The idea of DTE is part of what Joselit cites from the book by the forward to a book by Sidney Offit, "Nine Lives: Favorite Profiles of Famous People from the Annals of Moment Magazine." [Help us please - we cannot find any record of this book.]
Here are some of her observations about the phrase.
[Offit...] wonders how it is possible for so many contemporary artists, performers and cultural personalities from Tony Kushner and Jon Stewart to Bob Dylan and Brian Epstein to hail from a Jewish background. But where his predecessors looked to lineage, Offit does them one better. His canny explanation: "displaced Talmudic energy."
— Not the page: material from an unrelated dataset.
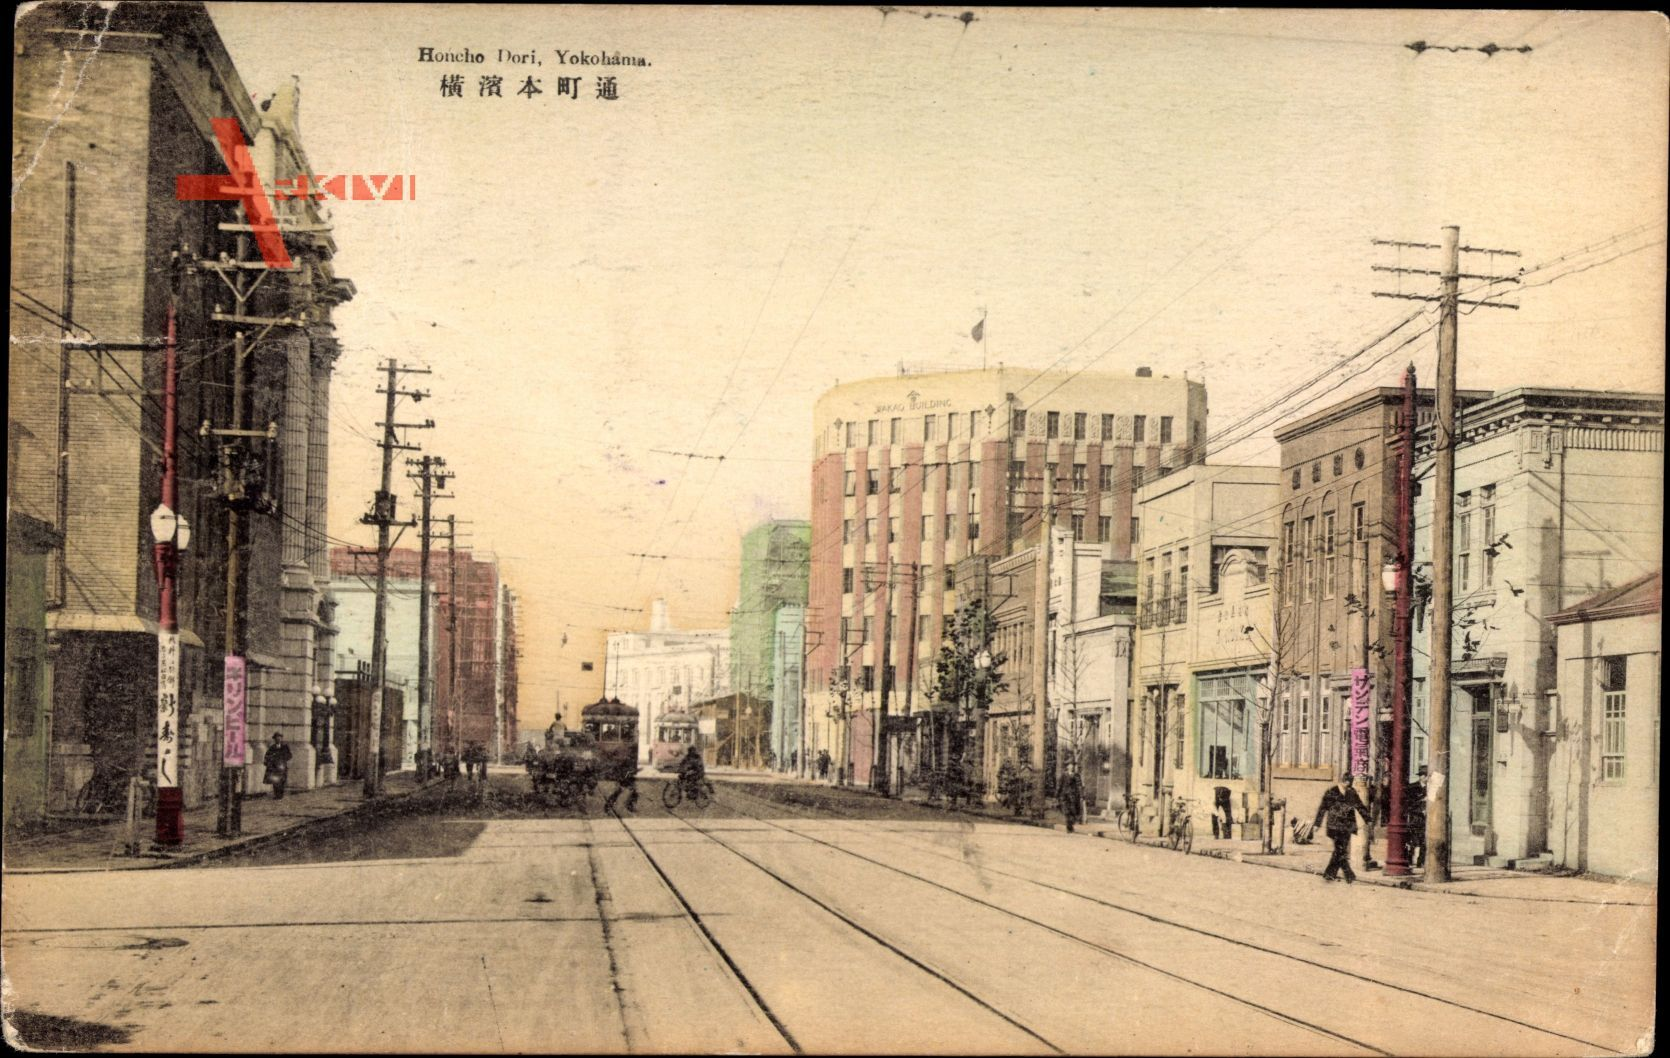 Yokohama Präf. Kanagawa Japan, Honcho Dori, Straßenpartie
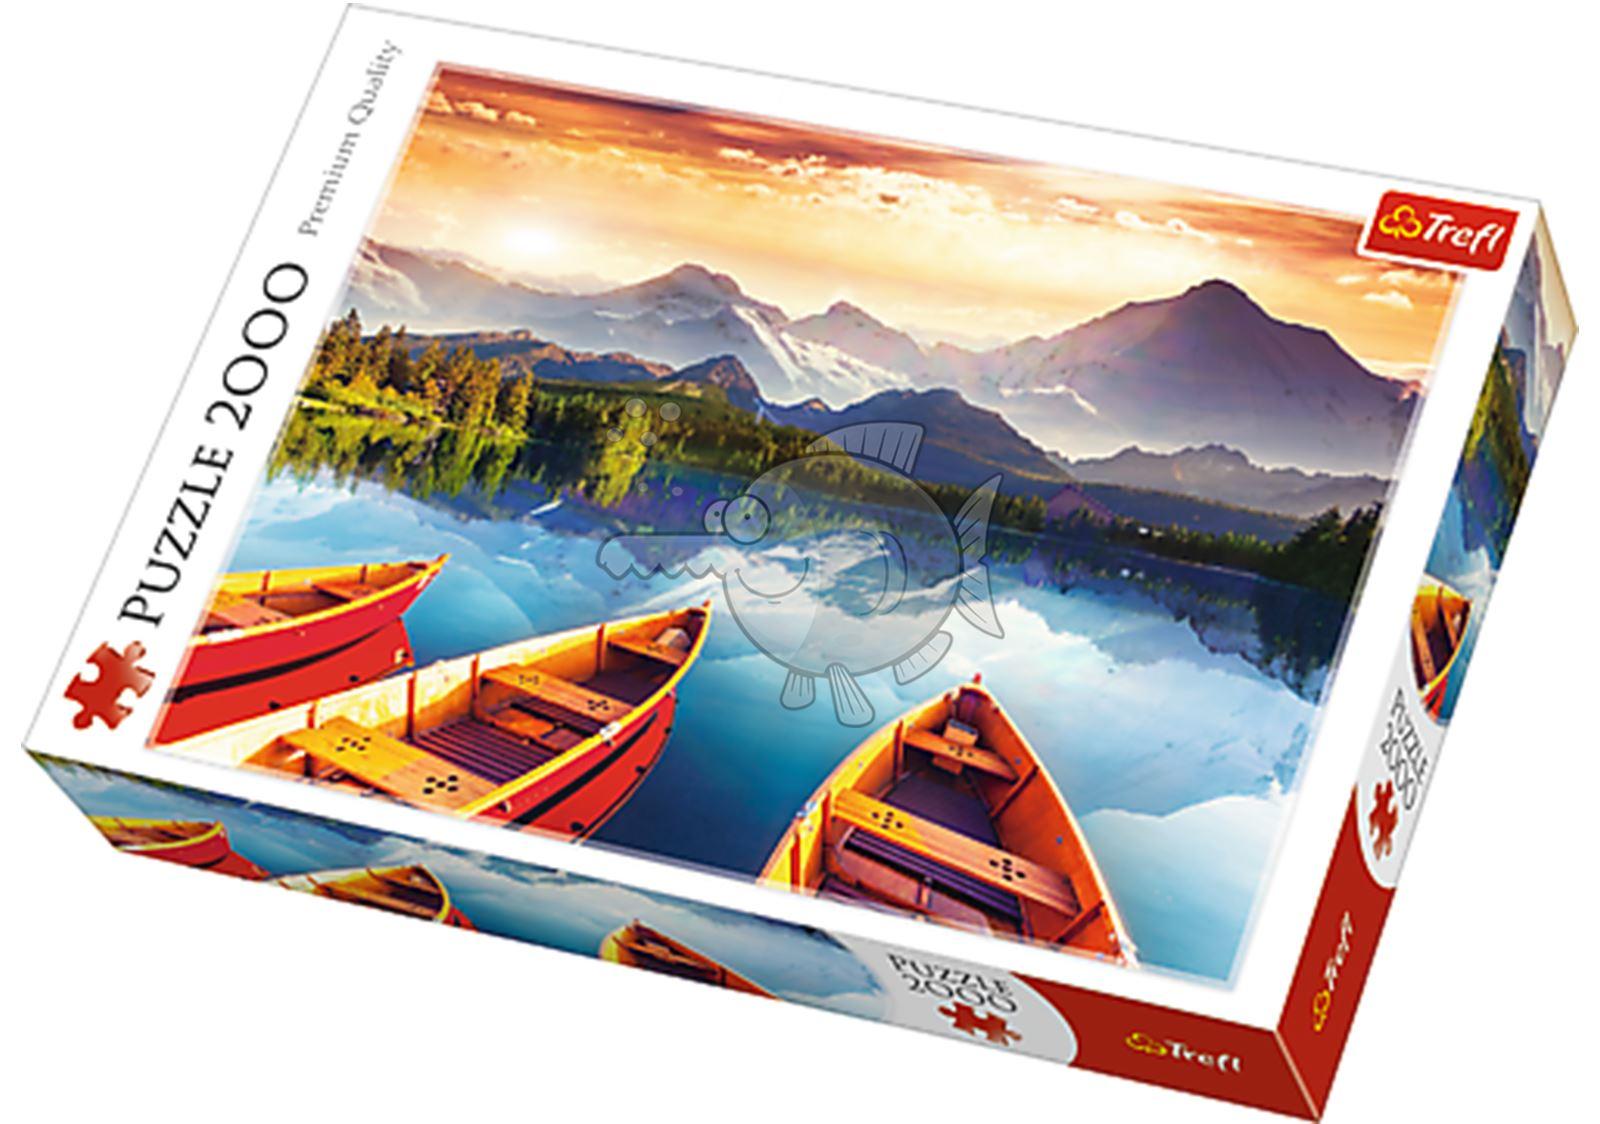 Trefl-300-500-1000-1500-2000-3000-4000-6000-Piece-Jigsaw-Puzzle-Landscapes-City thumbnail 93

Is he actually suggesting that the "famous people" who figure here had at one point in their lives taken up the study of the Talmud and, having subsequently abandoned that pursuit for the stage, found that their engagement with the ancient text continued to influence their way of being? At first blush, readers might be forgiven for thinking that's what Mr. Offit means. After all, he does go so far as to call Jon Stewart a "modern Talmudist."
But I don't think that's really what he has in mind. Rather, by his lights, "Talmudic energy" -- displaced or intact -- has little to do with the actual study of the ancient text as much as it does with a particular sensibility, one sustained by the spirit of inquiry, an appetite for questioning and a penchant for detail.
I don't doubt that the innovative and influential personalities profiled in this book possess these qualities - and in spades. But why call them examples of "displaced Talmudic energy"? Why, in fact, go all the way back to the Talmud? Might not contemporary readers be better served and more effectively enlightened by explanations that highlight economic forces, say, or the historic role of the Jews as latter-day brokers of both goods and ideas? And what about the galvanizing, generative effects of marginality on creativity?
Although essentialism has fallen from grace and out of favor in most contemporary circles, it continues to hang on within Jewish ones, pace Mr. Offit's "displaced Talmudic energy." I'm not sure why, but I suspect it's one way to keep celebrated Jews close at hand and within the fold.